Ora, tendo presente estes argumentos, sem esquecer que um regime de
suscitação de nulidades tão restritivo quanto o estabelecido pela decisão
recorrida, nunca se justificaria no processo penal, comparativamente ao regime
existente em processo civil, tendo tudo isto presente, dizíamos, não pode o
Tribunal deixar de afirmar, como sendo a constitucionalmente conforme, a
interpretação do artigo 379º, nº2 do CPP que aceite a suscitação de nulidades de
uma sentença irrecorrível, através de reclamação para o próprio tribunal que
proferiu tal decisão.
2.3. Assim, tendo em conta, como indica o Ministério Público, que a norma em
causa suporta inteiramente esta interpretação e que adoptando-a se afasta o
juízo de inconstitucionalidade ao qual a decisão recorrida, através da opção
interpretativa que tomou, conduziria, justifica-se a prolação de uma decisão
interpretativa, nos termos do artigo 80º, nº3 da LTC, vinculando o Tribunal
recorrido ao entendimento que se expôs como sendo o conforme à Constituição (v.,
neste sentido, entre outros, o Acórdão nº 651/05).
III- DECISÂO
3. Nestes termos, decide-se:
A) Interpretar, nos termos do artigo 80º, nº3 da LTC, o nº2 do
artigo 379º do CPP, no sentido de ser admissível a suscitação, perante o
tribunal que proferiu a decisão, de vícios desta enquadráveis no elenco das
nulidades da sentença, mesmo quando desta se não possa interpor recurso;
B) E, consequentemente, conceder provimento ao recurso e revogar
o Acórdão recorrido, devendo este ser reformado em termos de aplicar o artigo
379º, nº2 do CPP, com a interpretação indicada em A).

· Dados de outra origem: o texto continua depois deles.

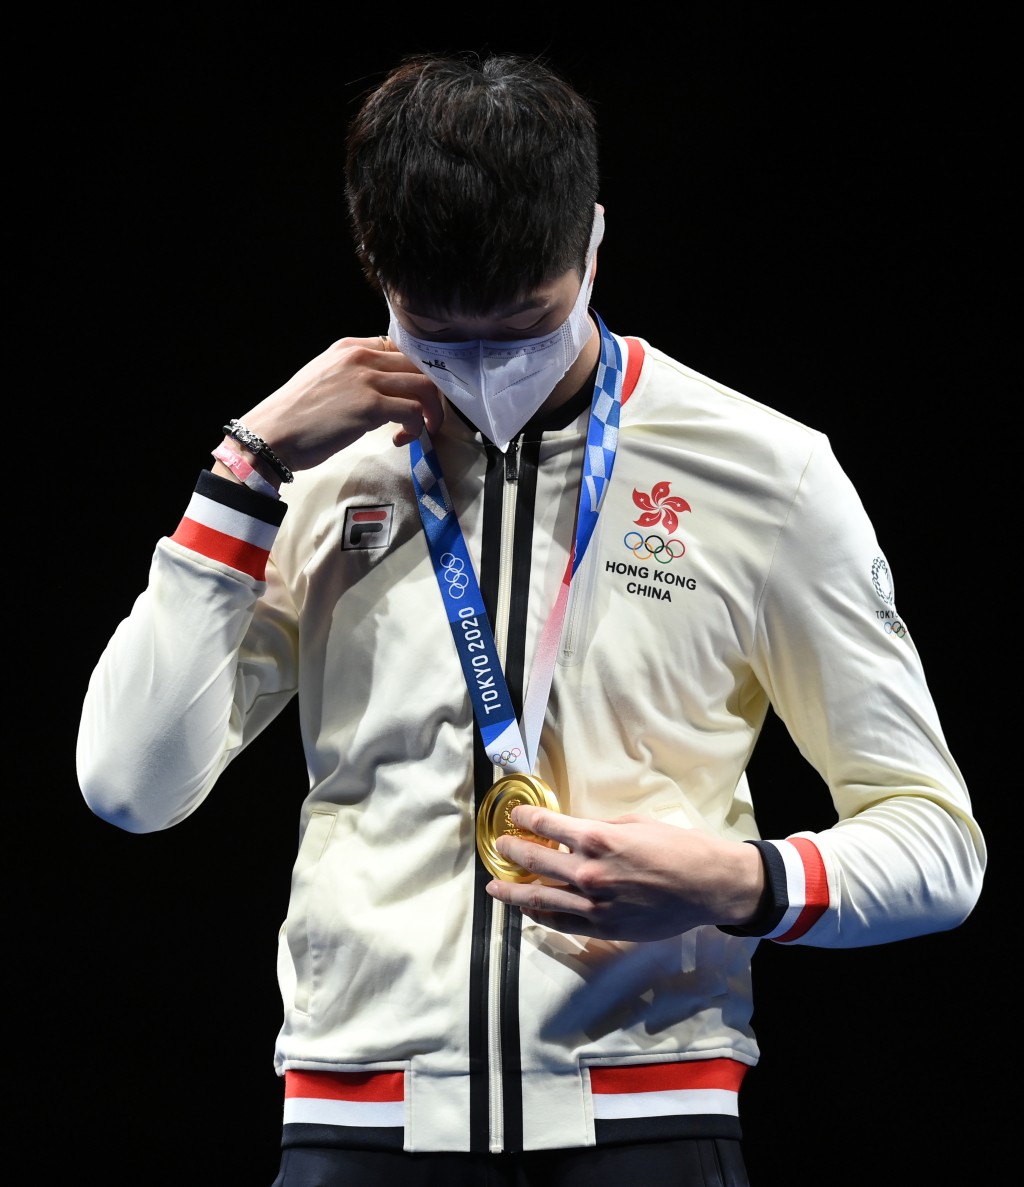 張家朗在東京奧運會男子花劍個人賽中為香港代表團贏得今屆奧運會首面金牌。新華社圖片

Lisboa, 17 de Janeiro de 2006
Rui Manuel Moura Ramos
Maria João Antunes
Maria Helena Brito
Carlos Pamplona de Oliveira – vencido
conforme declaração que junto.
Artur Maurício
DECLARAÇÃO DE VOTO
Vencido.
Entendo que, apesar de o preceito ter, porventura, sido interpretado da forma
não desejada pelo legislador, o certo é que a regra que aplicou (a de não ser
possível reclamar de acórdão, proferido em recurso, da Relação) não ofende
nenhum princípio constitucional. Aliás, se o Tribunal tem pacificamente
entendido que não ofende a Constituição a regra que impõe limites ao direito de
recurso – conforme o acórdão dá conta –, por maioria de razão se deve entender
que uma norma semelhante quanto à reclamação é igualmente conforme à
Constituição. A menos que se entenda que, ao contrário do que sucede com o
recurso, a reclamação constitui um meio de defesa imposto pela Constituição, o
que a meu ver não é certo, nem, aliás, o acórdão o afirma.